Optimizing GGX Shaders with dot(L,H)

The GGX distribution is quickly becoming the dominant lighting model games. But the obvious downside over the previous models is shader cost. So I’ve been looking at ways of optimizing it and the image above shows the before and after.

The “standard” lighting model takes the Cook-Torrance separation of terms as:

Specular = DFV

And most games are using something along the lines of:

D) GGX Distribution
F) Schlick-Fresnel
V) Schlick approximation of Smith solved with GGX

This approach gives a much better specular term than anything we were seeing last generation. But we have added quite a few instructions so I wanted to see if we can cut it down a bit while still retaining the quality. Spoiler alert: We can do it by doing some tricks with dot(L,H).

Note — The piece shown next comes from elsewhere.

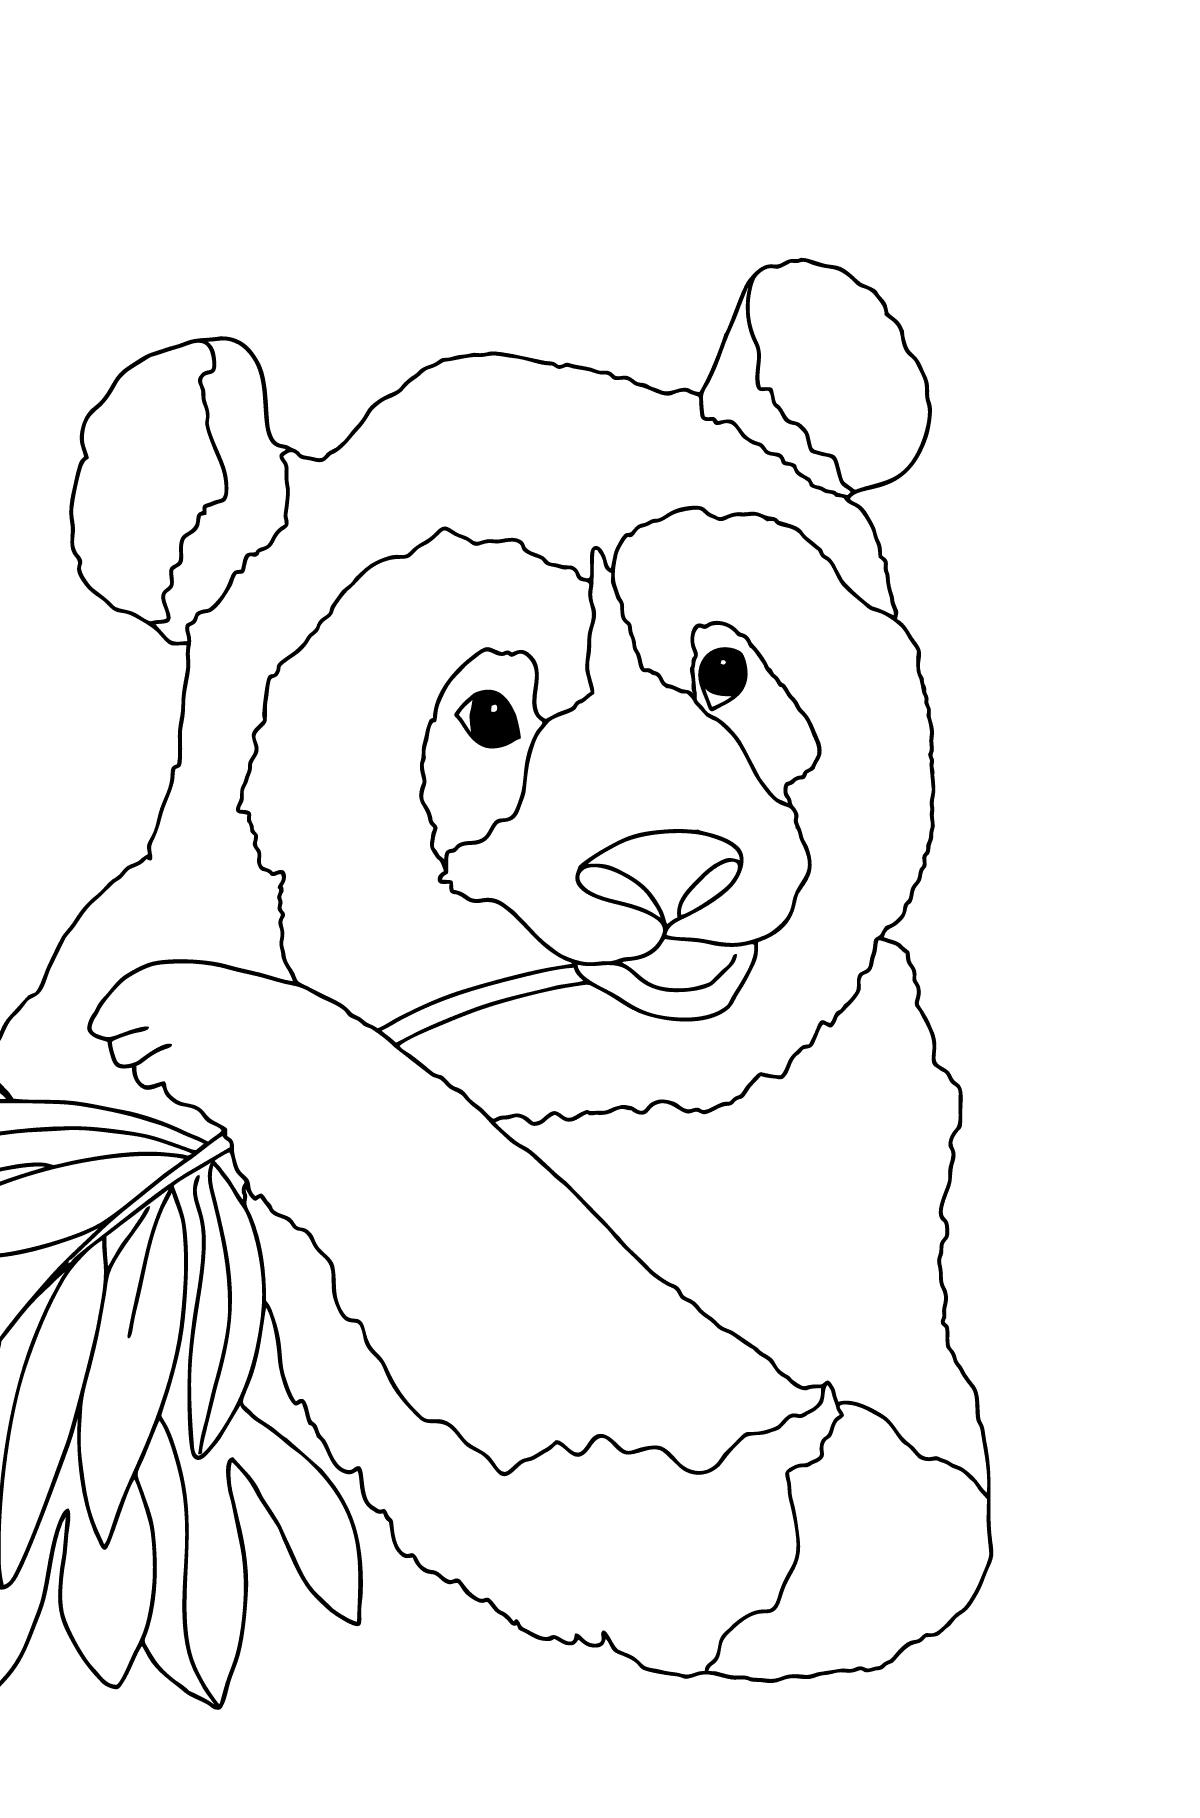 Värityskuva kaunis panda (vaikea) - Värityskuvat lapsille

Typical GGX Specular Function: There are many places to find code and examples of these functions, but I took the functions from the UE4 Shading presentation by Brian Karis. There are a bunch of good presentations from the Siggraph 2013 Physically Based Shading Course which you can find on Stephen Hill’s website, but the formulas I’m using here came from Brian Karis’s talk. You should also make sure to check out Brent Burley’s talk (“The Disney BRDF”) from the previous year.

In my facial animation talk at GDC, I was still using a distribution based on a bunch of Blinn-Phong lobes, but now that the talk is finished I was able to look more deeply into GGX and I really like the softer tails (just like everyone else).

Here is the shader that I’ll be starting with. To make your life easier, I’ll just cut and paste the code. There is a link to all the shader functions at the bottom of the page.

Assuming I didn’t make any mistakes, the formula above is your typical game shader. I’m ignoring the “Hotness Remapping” that Brent Burley mentioned because I prefer the look of the hot highlights, but you can go either way. Now, let’s start optimizing.

Visibility Functions:

Ideally, I would like to come up with something that is close to Schlick-Smith, but cheaper. There are several other options for the visibility term. But the one that interests me the most is the Kelemen-Szirmay-Kalos approximation of Cook-Torrance as described in the Siggraph 2010 course by Naty Hoffman.

Before we get too far ahead, let me apologize in advance for taking screenshots of different presentations with different notation. In the image below, the entire left side is just the Visibility term V.

The nice thing about this function is that it is very cheap, but the problem that was mentioned several times is that it is too bright. But why?

When I think of lighting functions, I think about the endpoints. The KSK visibility term is lowest when dot(L,H) is one and is highest when dot(L,H) is zero. Note that since H is the half vector between L and V, dot(L,H) and dot(V,H) are the same thing, so don’t get confused if I say dot(L,H) but the formula says dot(V,H) (or vice-versa).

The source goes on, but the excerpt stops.